In October 2010, merely five months after the Kallang slashings, one of the minor accomplices – Shahman Milak – was sentenced to two years' imprisonment and six strokes of the cane for attempted robbery after pleading guilty to the charge. Peter Usit Musa, Landa Surai, and Slyvester Beragok were brought to trial for the gang robbery of Wang Jiu Sheng. The trio were each sentenced to six years' imprisonment and twelve strokes of the cane for gang robbery in February 2011.

==Victims==
- Sandeep Singh, Indian national, construction worker, 24 years old: robbed of his mobile phone and wallet, suffered a fractured skull. (survived)
- Ang Jun Heng, Singaporean, full-time National Serviceman, 19 years old: robbed of his mobile phone and wallet, suffered a severed left hand and several laceration wounds, with one so deep that it almost cut his spinal cord. (survived)
- Egan Karrupaiah, Indian national, pipe fitter, 43 years old: robbed of his wallet and mobile phone, suffered various lacerations and fractures, four of his fingers cut off, and both his arms hacked to the bone. (survived)
- Shanmuganathan Dillidurai, Indian national, construction worker, 41 years old: robbed of his mobile phone, suffered a fractured skull, a severed left hand, a slash wound across his neck, and a back wound so deep that his shoulder blade was cracked. Found dead at 7:30 am (SGT), 30 May 2010.
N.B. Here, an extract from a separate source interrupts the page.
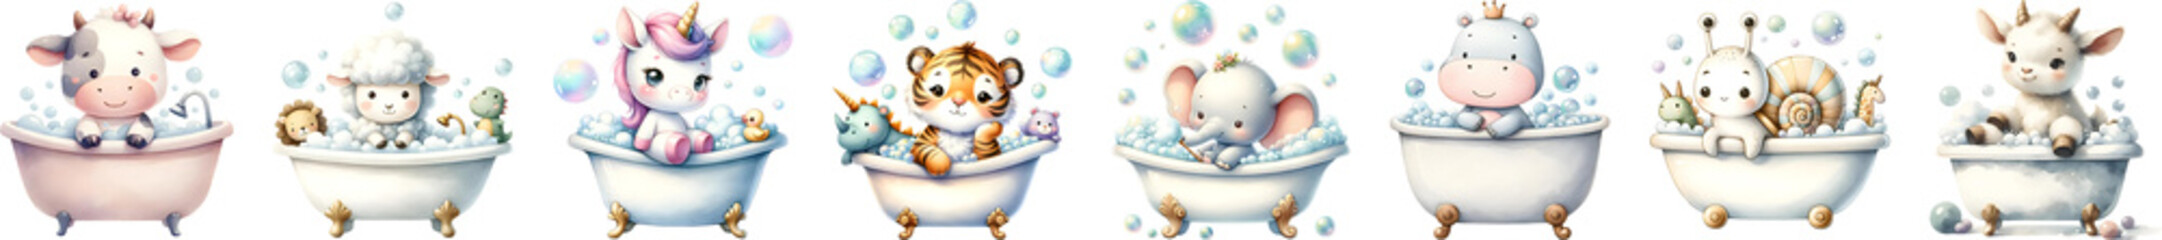 Baby animal shower in bath, watercolor illustration.

==The trials of the Kallang murderers==
===Hairee Anak Landak's conviction and sentence===
Eventually, the murder charge against Hairee Anak Landak, who was of Iban descent, was reduced to one of armed robbery with hurt. Hairee pleaded guilty to the reduced charge; he also admitted to two more charges of armed robbery with hurt relating to the attacks on Sandeep and Ang and was thus convicted of these three criminal charges while a fourth charge was taken into consideration during sentencing.

On 18 January 2013, 23-year-old Hairee Landak was sentenced to a total of 33 years' imprisonment and the maximum caning sentence of 24 strokes of the cane; during sentencing, Justice Tay Yong Kwang reportedly pointed out the "extremely vicious" nature of the attacks, agreeing with the prosecution to commit Hairee to a lengthy jail term with caning despite the mitigation plea by Hairee's two lawyers John Abraham and Rajan Supramaniam for leniency on account of Hairee's young age at the time of the offense and his cooperation with the police after his arrest. There was no appeal filed against the sentence.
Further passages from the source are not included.